Я попробовал замок, тронул, и тот неожиданно открылся.
- Давай, наше место!
- Ну и прекрасно! - обрадовался Басков. - На пол постелить спальники, вполне комфортабельно. Но даже если и гнать примутся, все равно не уходите.
Чудак он, Басков, да как же мы из такой клетки уйдем? Без боя не отдадим. Горбоносый дядька увидел нас в клетке и от зависти зашелся.
- Замок свернули, а? - прямо окрысился, когда увидел, как мы телогрейки на железном полу расстилаем. В клетке пол железный, клепаный и несколько болтов торчат. - Вы зачем башку замку свернули?
- У тебя документ есть? - спрашиваю дядьку.
- Какой документ? - встревожился тот.
- Билет есть у тебя? - напираю на него.
- Так бы и сказал сразу, что в клетку по билету, - буркнул горбоносый и поволок за собой чемодан, а тот бил острым углом по голенищу.
- Шикарно устроились! - Иван вытащил из рюкзака телогрейку, занял место у стены, там проходила широкая жестяная труба.
Три раза хрипло и как-то обреченно прокричал пароход, задрожал, как паралитик, дернулся и потихоньку зашлепал плицами по мутной, переполненной Туре, из трубы мохнато вырывался дым - набирал пары обский Россинант. Неважно, лишь бы дотащил нас до Березова.

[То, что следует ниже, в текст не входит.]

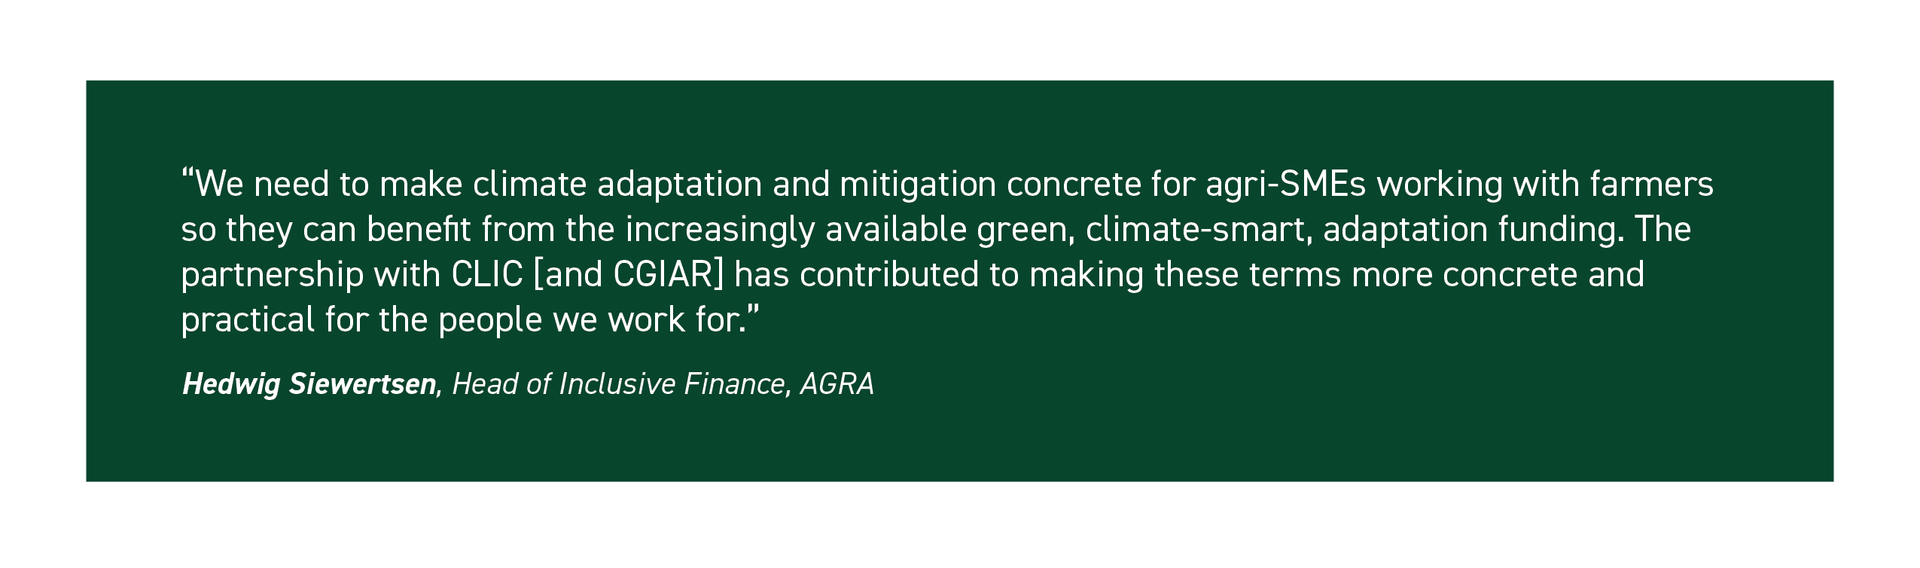 CLIC and CGIAR (ImpactSF) - Quote 2 - Alliance Bioversity International - CIAT
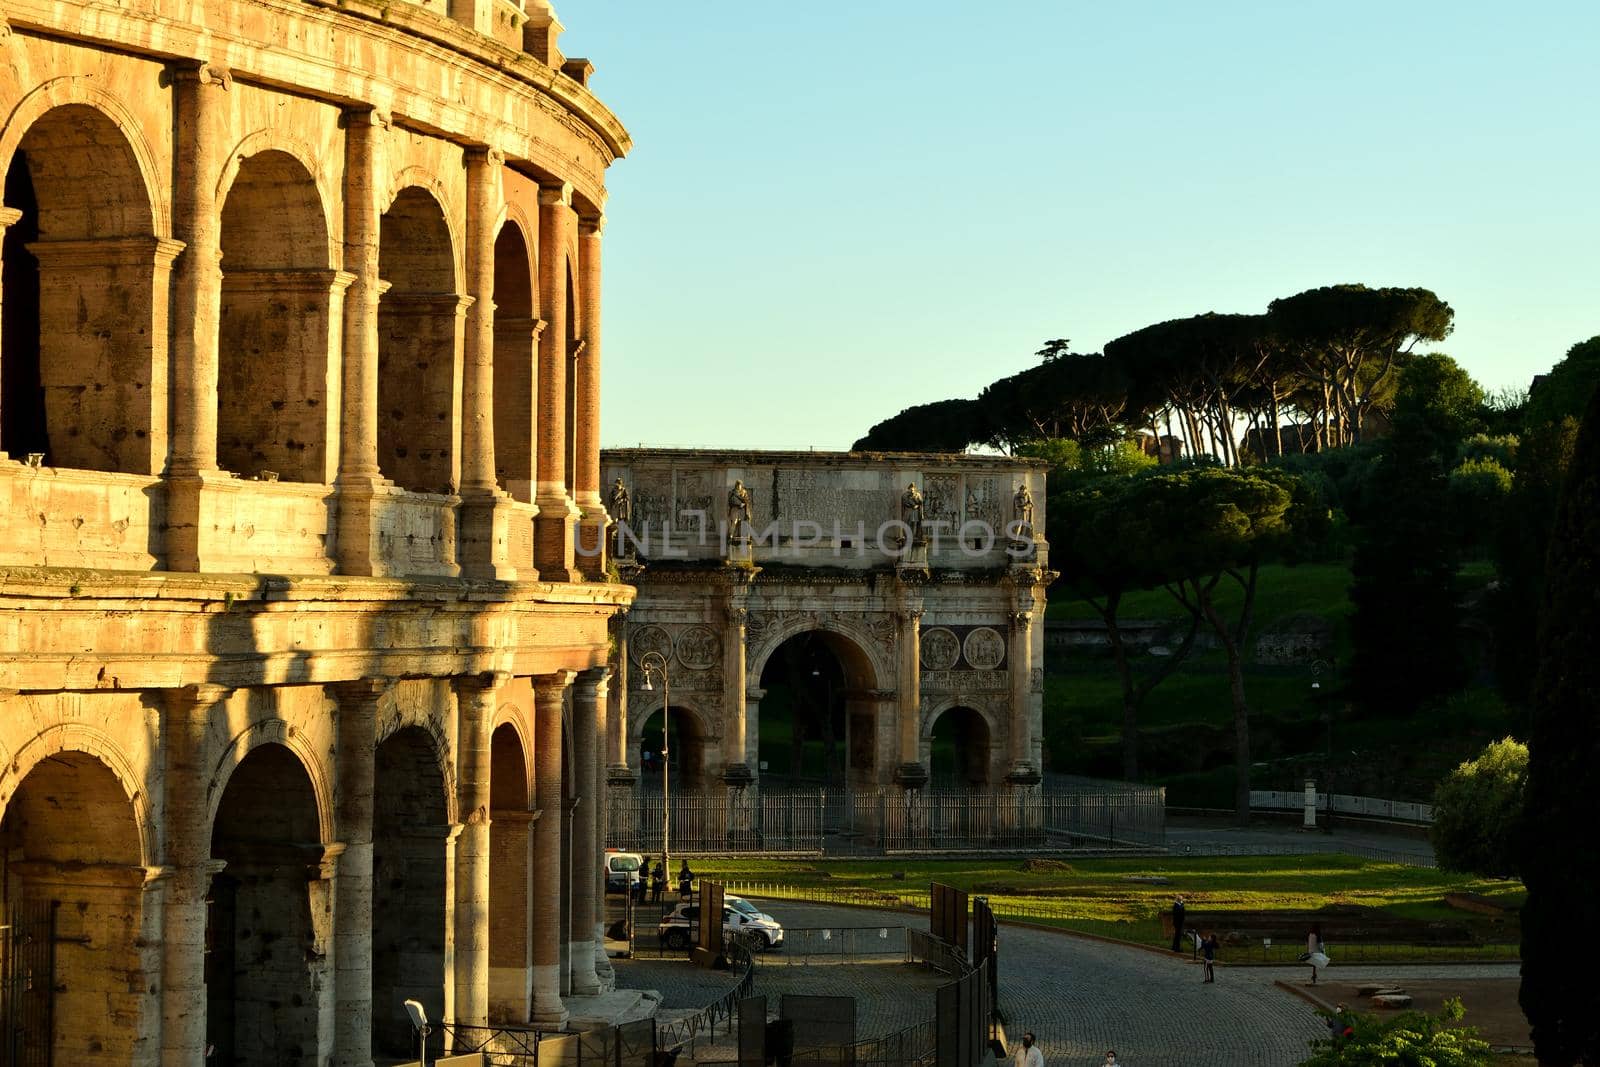 May 7th 2020, Rome, Italy: View of the Colosseum without tourists due to the phase 2 of lockdown

- У него, поди, вся грудь в ракушках, - смеется Витька. - Давно колесника не встречал. Их же списать должны, а?
Россинант похрипывал и скрипел, глубоко в трюме работала машина, скорее всего современница Ползунова, мелко-мелко дрожал железный пол, но бесконечная эта вибрация успокаивала. Люди на мешках, ящиках в проходах мало-помалу притерлись, угомонились и вот уже потянулись с кружками, фляжками к бачку - за кипятком. А вскоре и буфет открылся, музыка бурная вскипает над палубой, и срывает ее ветер, относит к Тюмени. Толкаются люди, двигаются, осторожно, поднимая высоко ноги, но как ни берегутся, наступят на задремавшего пассажира…
- А прошлый год… ну, да… об эту пору, - бубнит кто-то. - На этом же "Усиевиче" добирался до Матлыма, и наступили мне на рожу. Слегка так. Пошел умываться, публика встречная ухмыляется и глядит в меня, как на чуду в перьях. В зеркало уставился - мать ты моя женщина! - так галошина рубчиками, подошвой своей и нарисовалась. Ну, печать тебе и печать. Крупный, видать, мужчина проходил, парни определили, что галошина сорок третьего номера.
- Не чуял, что ль, а? - выдохнул басок. - Как ты спать-то уважаешь, Егор? Морду тебе как помидорину давят, а ты и очи не откроешь - ну, куды так спать, просто непостижимо!
- Завсегда так усыпляюсь! - бодро ответил из угла Егор.
- Так у тебя бабу из кровати умыкнут, с такой-то охраной. Ну, гляди, рожу ему портят, а он дрыхнет? Уведут бабу-то!
- Чево?! - лениво удивился Егор. - Ее самое самолично бужу, когда сам просыпаюсь. Она беззаветно спит, радостно и без сновидениев… сладко…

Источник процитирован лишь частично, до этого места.